▶ **THE DATA**:
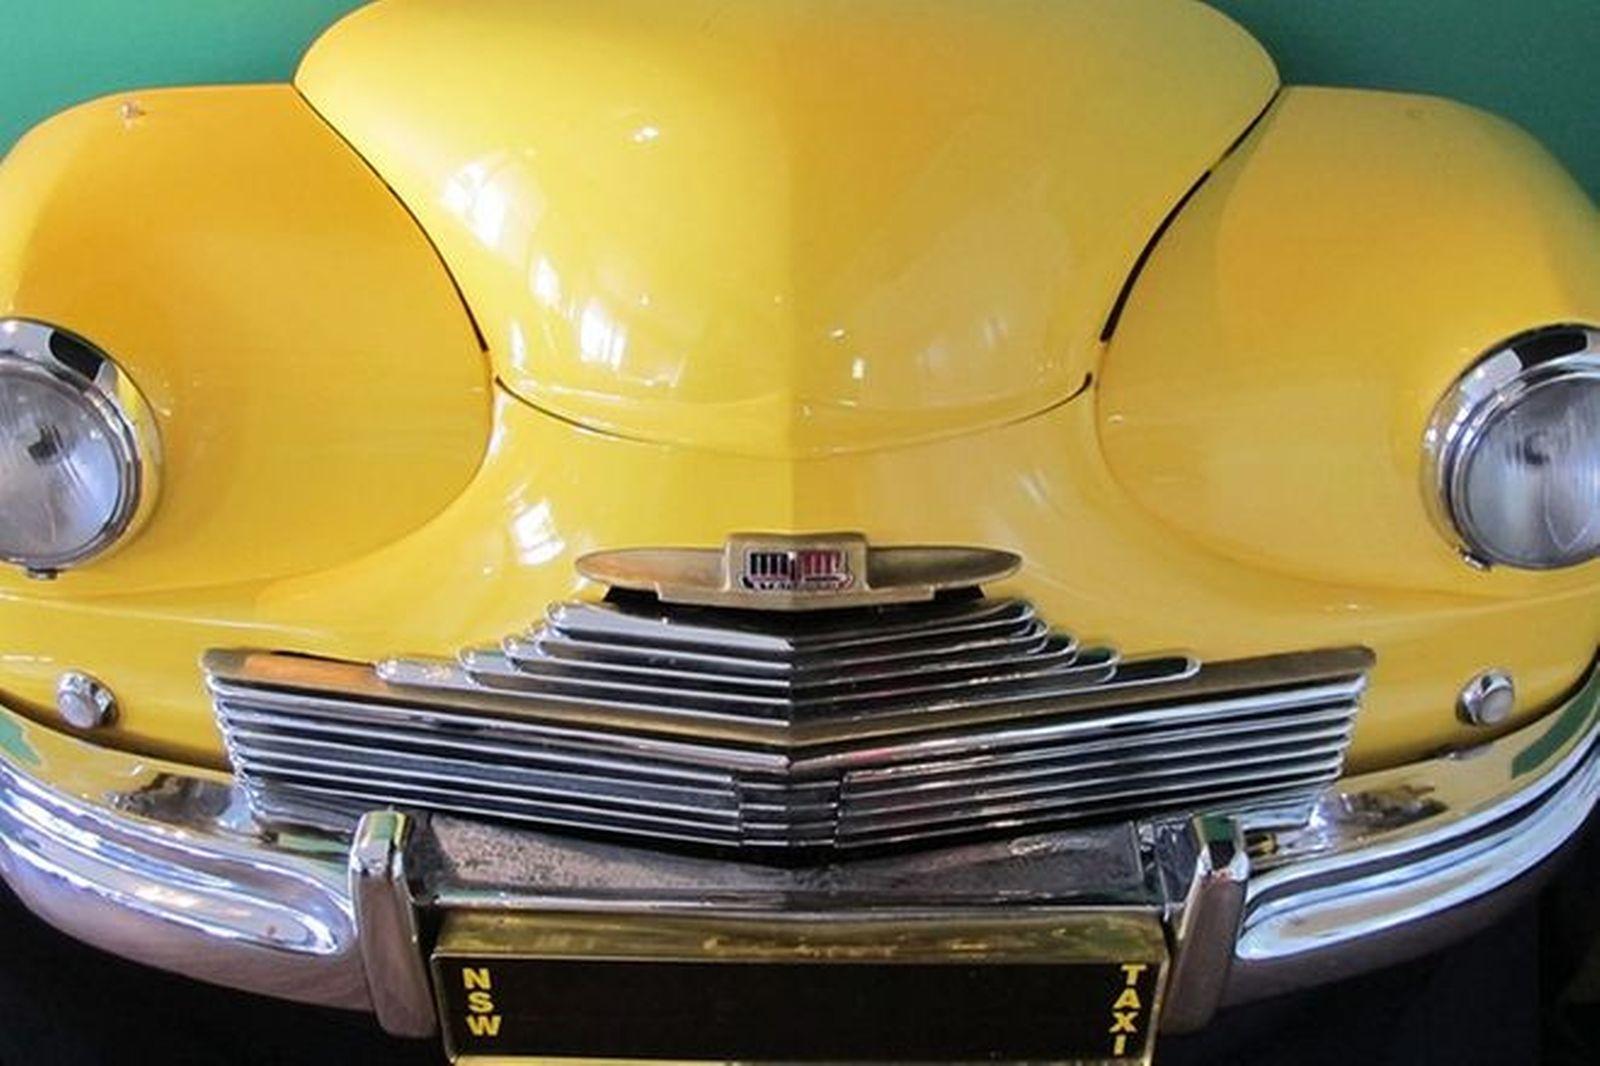 Sold: c1950s Standard Vanguard Front Clip Auctions - Lot AI - Shannons
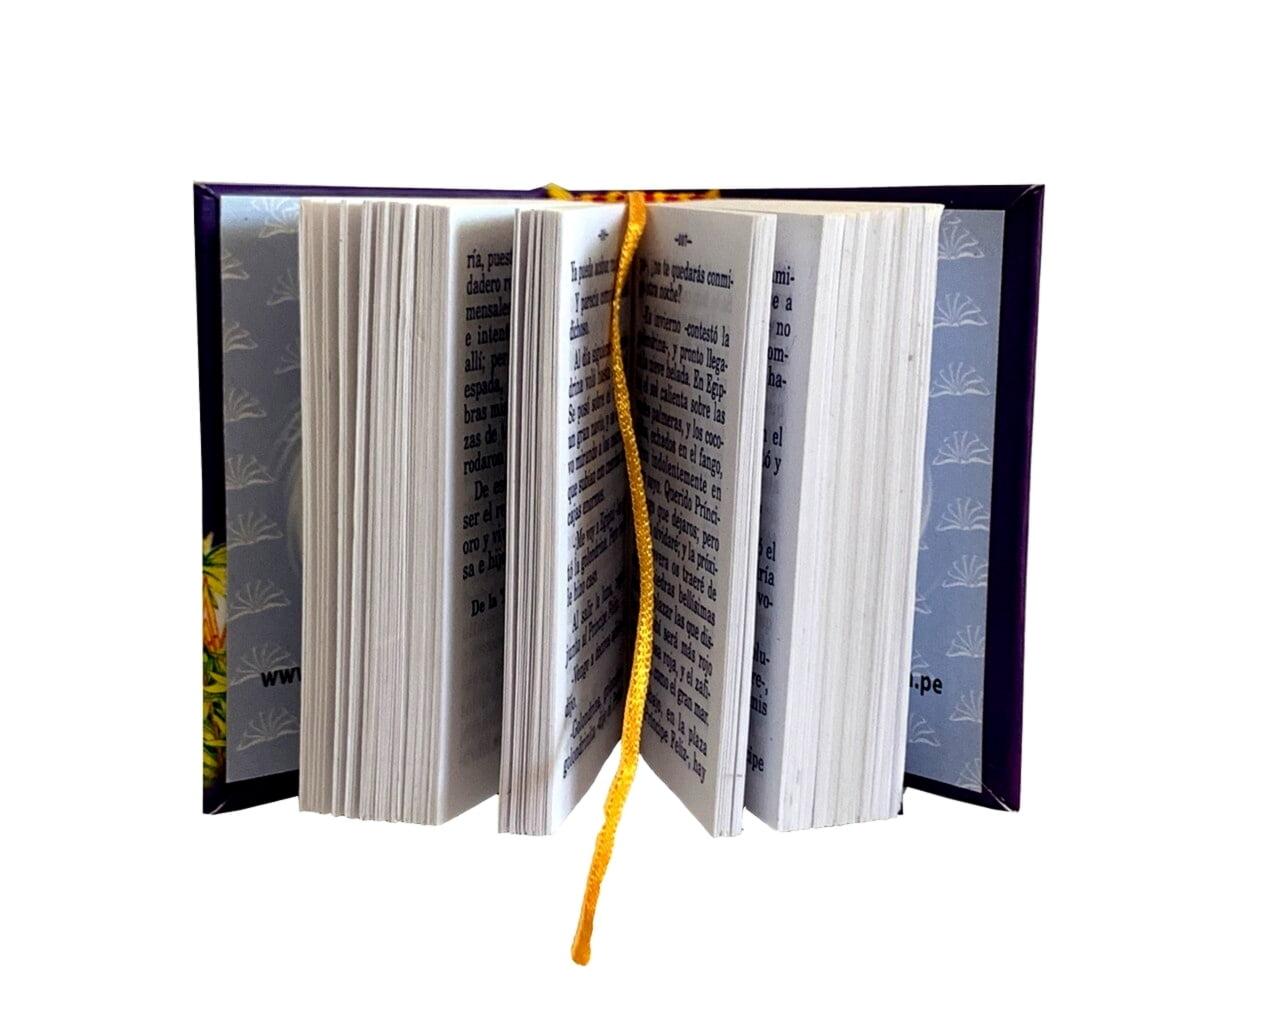 cuentos-clasicos-V-1-miniature-book-libro
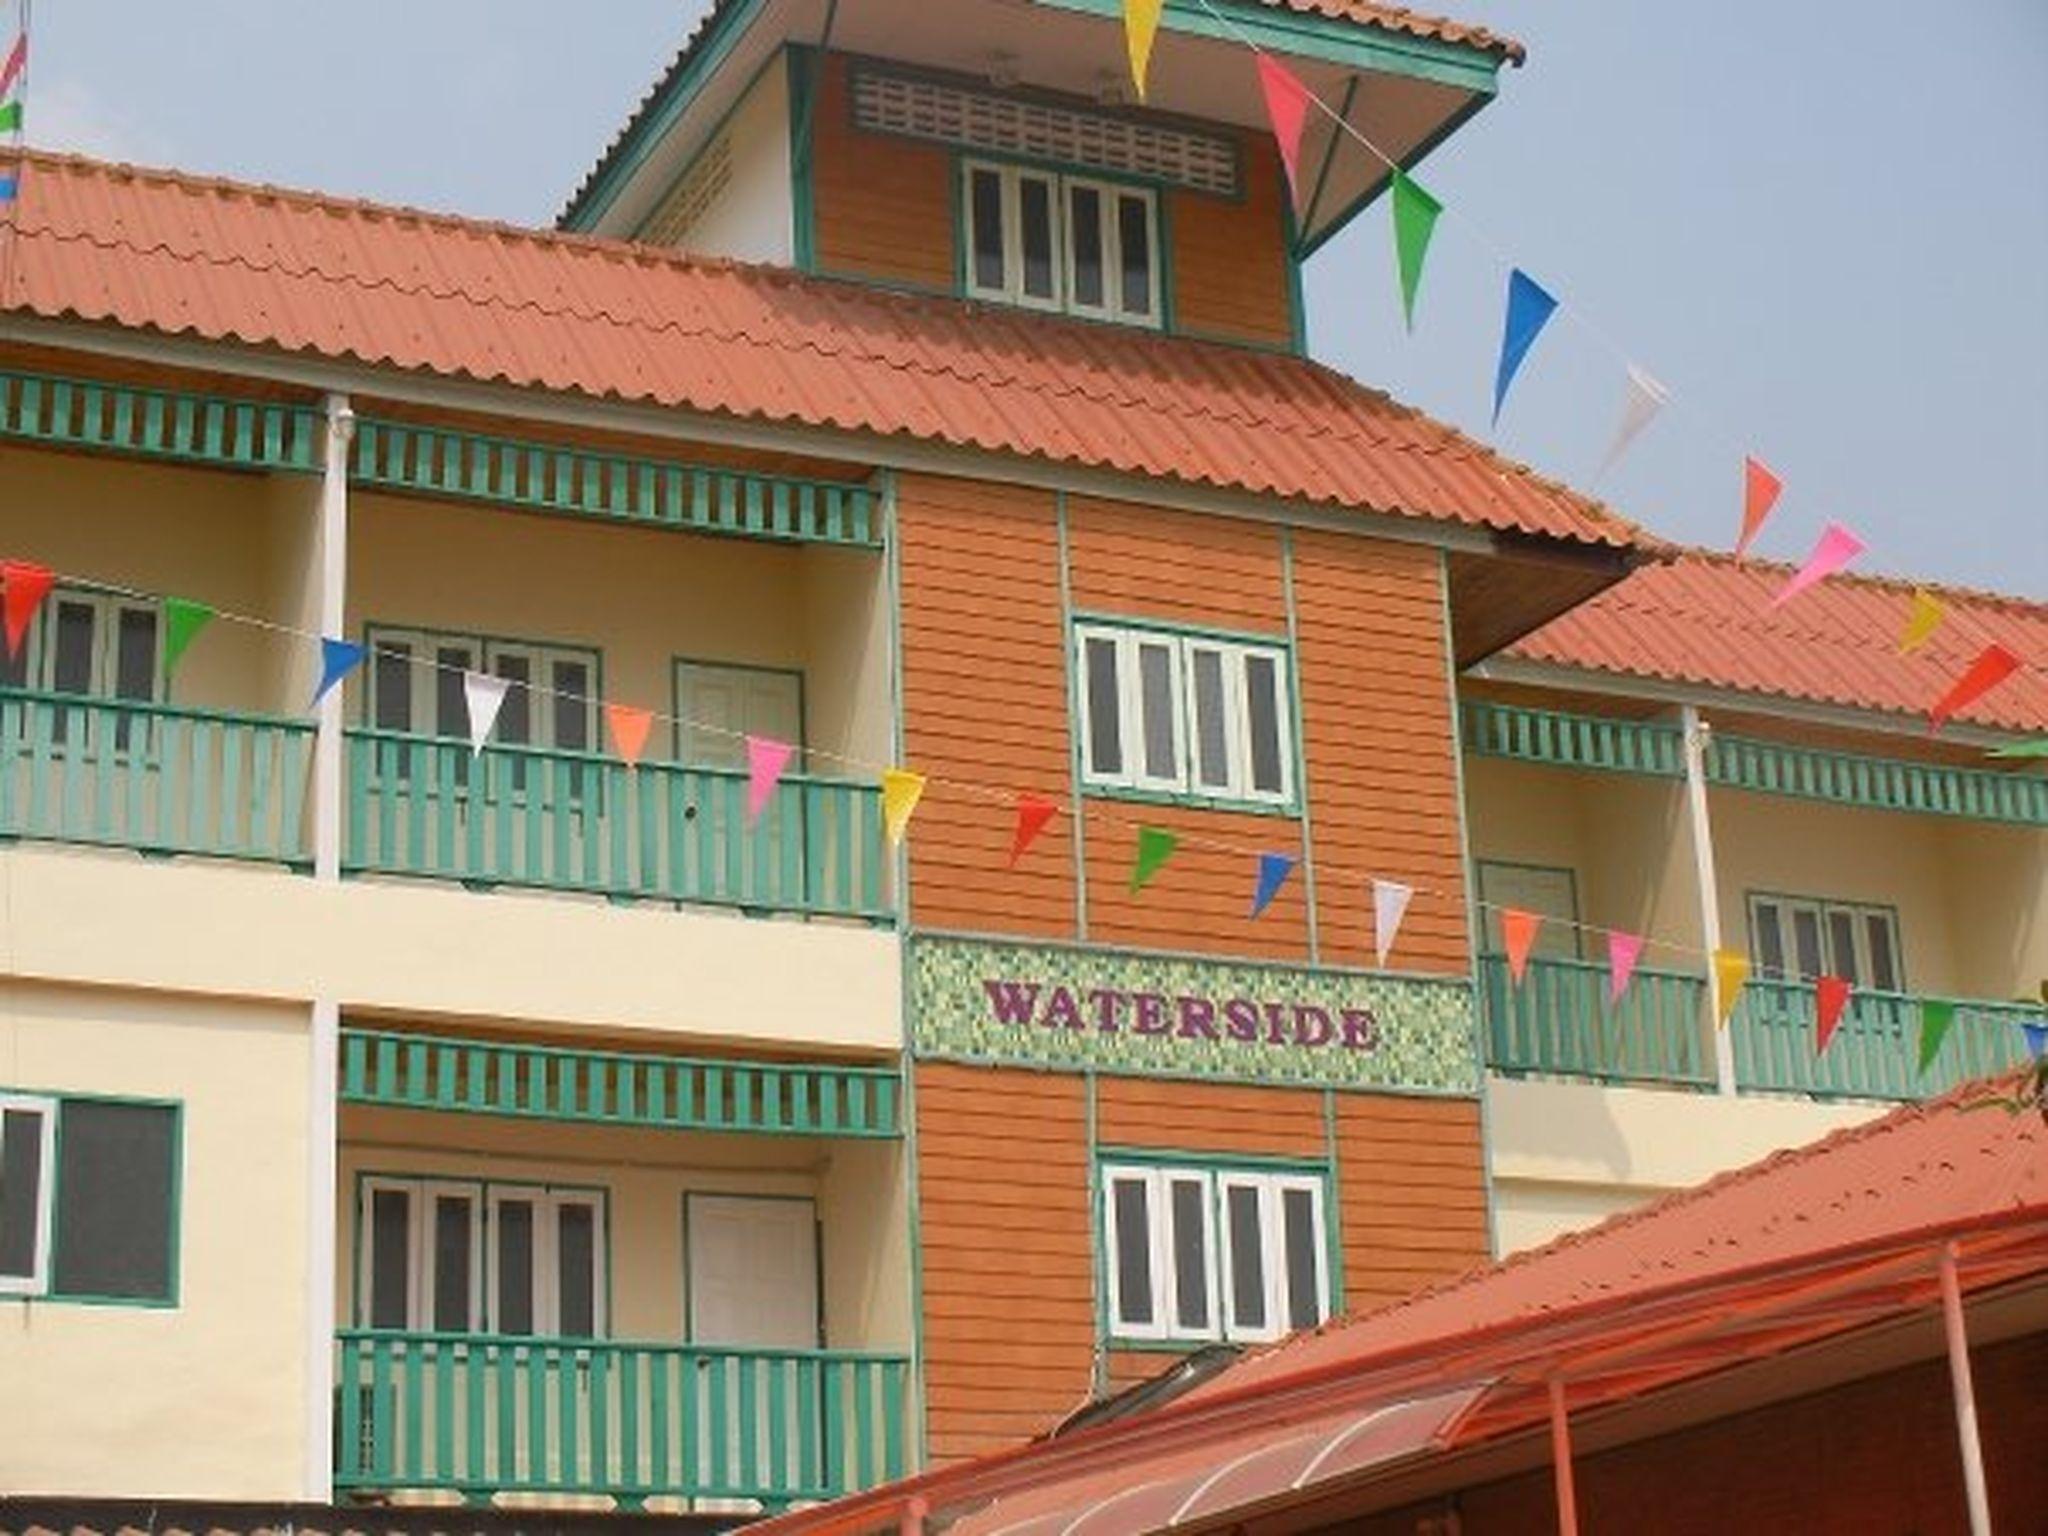 Waterside Boutique Hotel

▶ **WHAT YOU NEED TO DO**:
Please copy out the whole listing exactly, minus its pictures.

▶ **SOLUTION TO THE EXERCISE**:
 Sold: c1950s Standard Vanguard Front Clip Auctions - Lot AI - Shannons
 cuentos-clasicos-V-1-miniature-book-libro
 Waterside Boutique Hotel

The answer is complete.